Dabei ist zu berücksichtigen, dass es für eine Wiedereinsetzung nicht ausreicht, innerhalb der Antragsfrist
des § 110 Abs. 2 AO lediglich die versäumte Rechtshandlung nachzuholen. Vielmehr müssen innerhalb
dieser Frist auch die für eine Wiedereinsetzung wesentlichen Tatsachen schlüssig vorgetragen werden (vgl.
nur BFH-Beschluss vom 17.6.2010 IX B 32/10, BFH/NV 2010, 1655 m.w.N.). Lediglich die
Glaubhaftmachung der innerhalb der Frist vorgetragenen Gründe kann auch noch "im Verfahren über den
Antrag" erfolgen. Nach Ablauf der Frist des § 110 Abs. 2 AO können Wiedereinsetzungsgründe nicht mehr
nachgeschoben, sondern nur noch unklare und unvollständige Angaben ergänzt oder vervollständigt
werden (vgl. BFH-Beschluss vom 17.6.2010 IX B 32/10, BFH/NV 2010, 1655 m.w.N.; Rätke, in: Klein, AO,
11. Auflage 2012, § 110 Rn 45).
Im Streitfall war der Antragstellerin spätestens aufgrund der Ausführungen der Familienkasse im Schreiben
vom 11. September 2015 bekannt, dass sie die Einspruchsfrist versäumt hatte. Der bloße Hinweis auf ihre
Arbeitsbelastung und die durch ihre Außendiensttätigkeit verursachte Abwesenheit genügt den oben
genannten Voraussetzungen für eine Wiedereinsetzung nicht, insbesondere hat sie die
Wiedereinsetzungsgründe nicht durch die Vorlage entsprechender Unterlagen (Fahrtenbuch, Protokolle
o.ä.) vollständig, substantiiert und genau vorgetragen.

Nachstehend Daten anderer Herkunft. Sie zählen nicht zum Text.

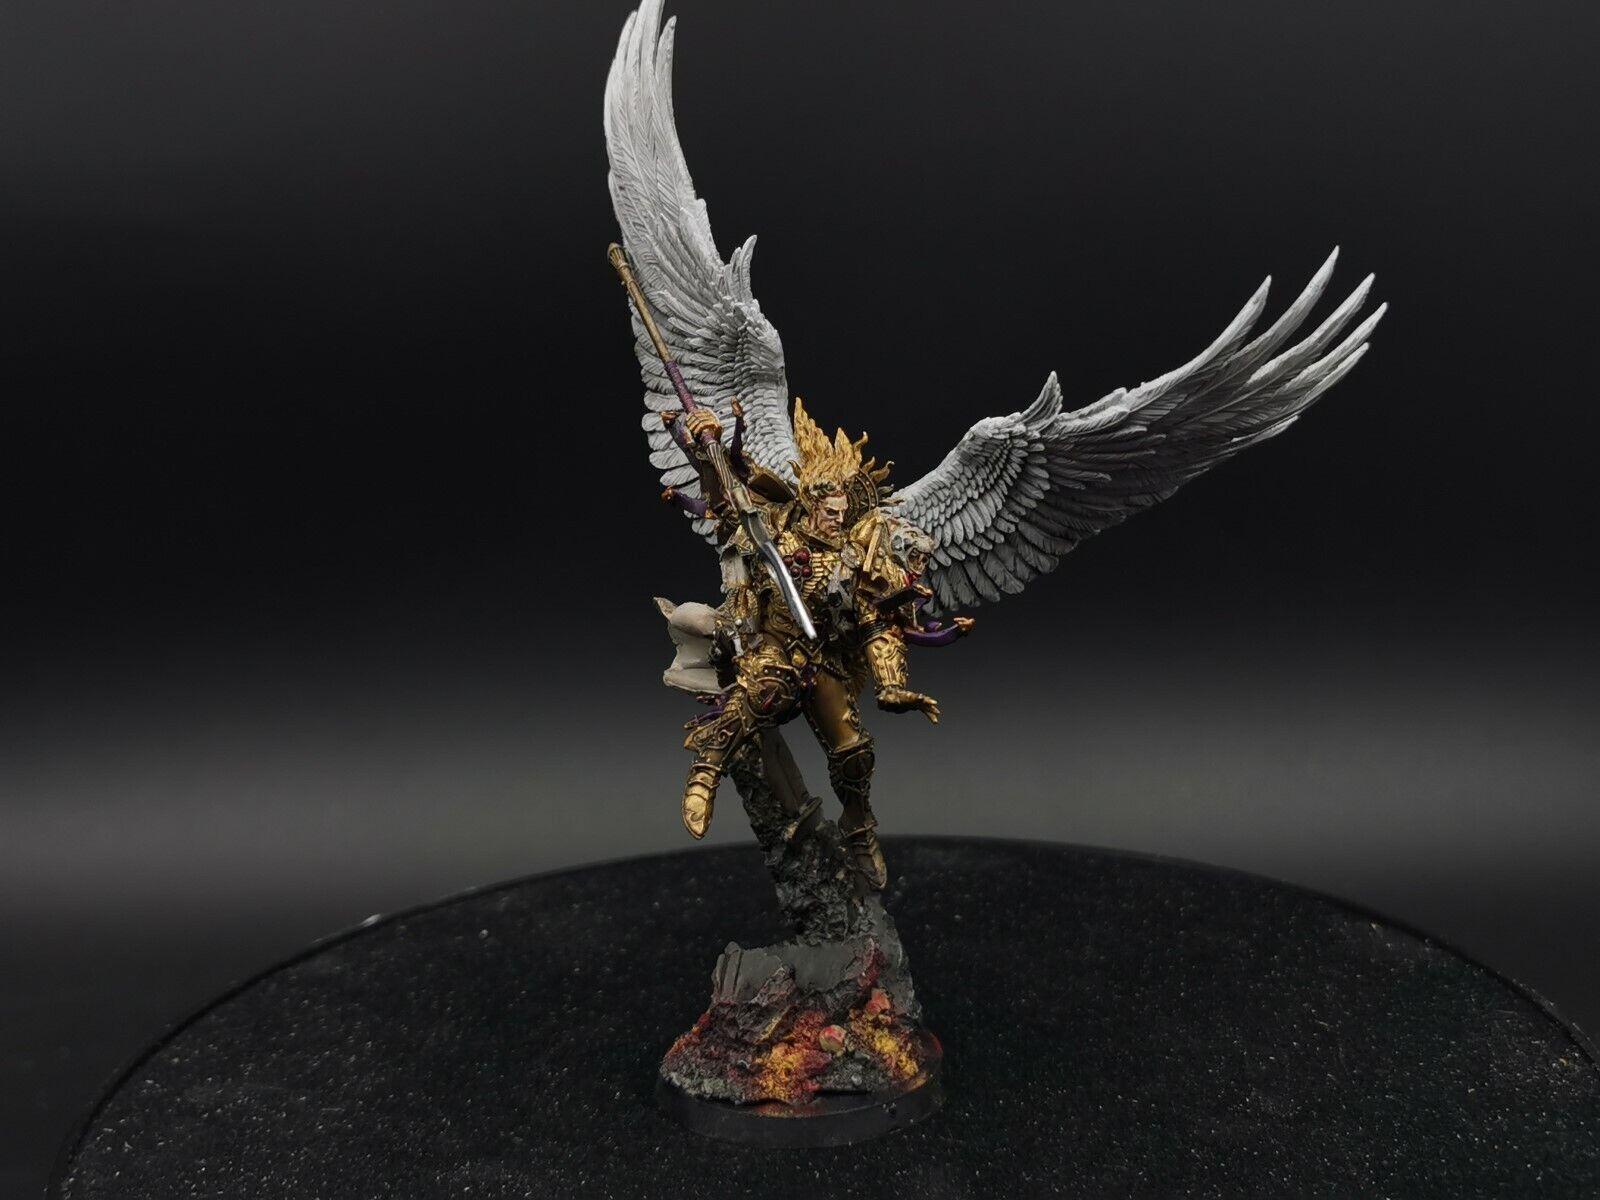 centro comercial de moda Warhammer forgworld forgworld forgworld sanguinius Primarch Blood Angels Pro Pintado hecho a pedido  punto de venta en línea

3. Eine Aussetzung der Vollziehung kann auch nicht im Hinblick auf eine "unbillige Härte" gemäß § 69 Abs.
3 Satz 1 Halbsatz 2 i. V. m. Abs. 2 Satz 2 FGO gewährt werden.
Eine unbillige, nicht durch überwiegende öffentliche Interessen gebotene Härte im Sinne dieser Vorschriften
liegt vor, wenn dem Steuerpflichtigen durch die Vollziehung des angefochtenen Verwaltungsaktes Nachteile
drohen, die durch eine etwaige spätere Rückzahlung des eingezogenen Betrages nicht ausgeglichen
werden oder nur schwer gutzumachen sind, oder wenn die Vollziehung zu einer Gefährdung seiner
wirtschaftlichen Existenz führen würde (Beschlüsse des BFH vom 21. Februar 1990 II B 98/89, BStBl II
1990, 510 und vom 5. März 1998 VII B 36/97, BFH/NV 1998, 1325).
Diese Voraussetzungen sind im Streitfall nicht erfüllt. Die Erfolgsaussichten des Rechtsbehelfs im
Hauptsacheverfahren sind auch im Fall der Aussetzung der Vollziehung wegen unbilliger Härte zu
berücksichtigen. Da – wie oben ausgeführt – keine Zweifel an der Rechtmäßigkeit des angefochtenen
Verwaltungsaktes bestehen, kommt eine Aussetzung wegen unbilliger Härte nicht in Betracht.
4. Die Kostenentscheidung beruht auf § 135 Abs. 1 FGO.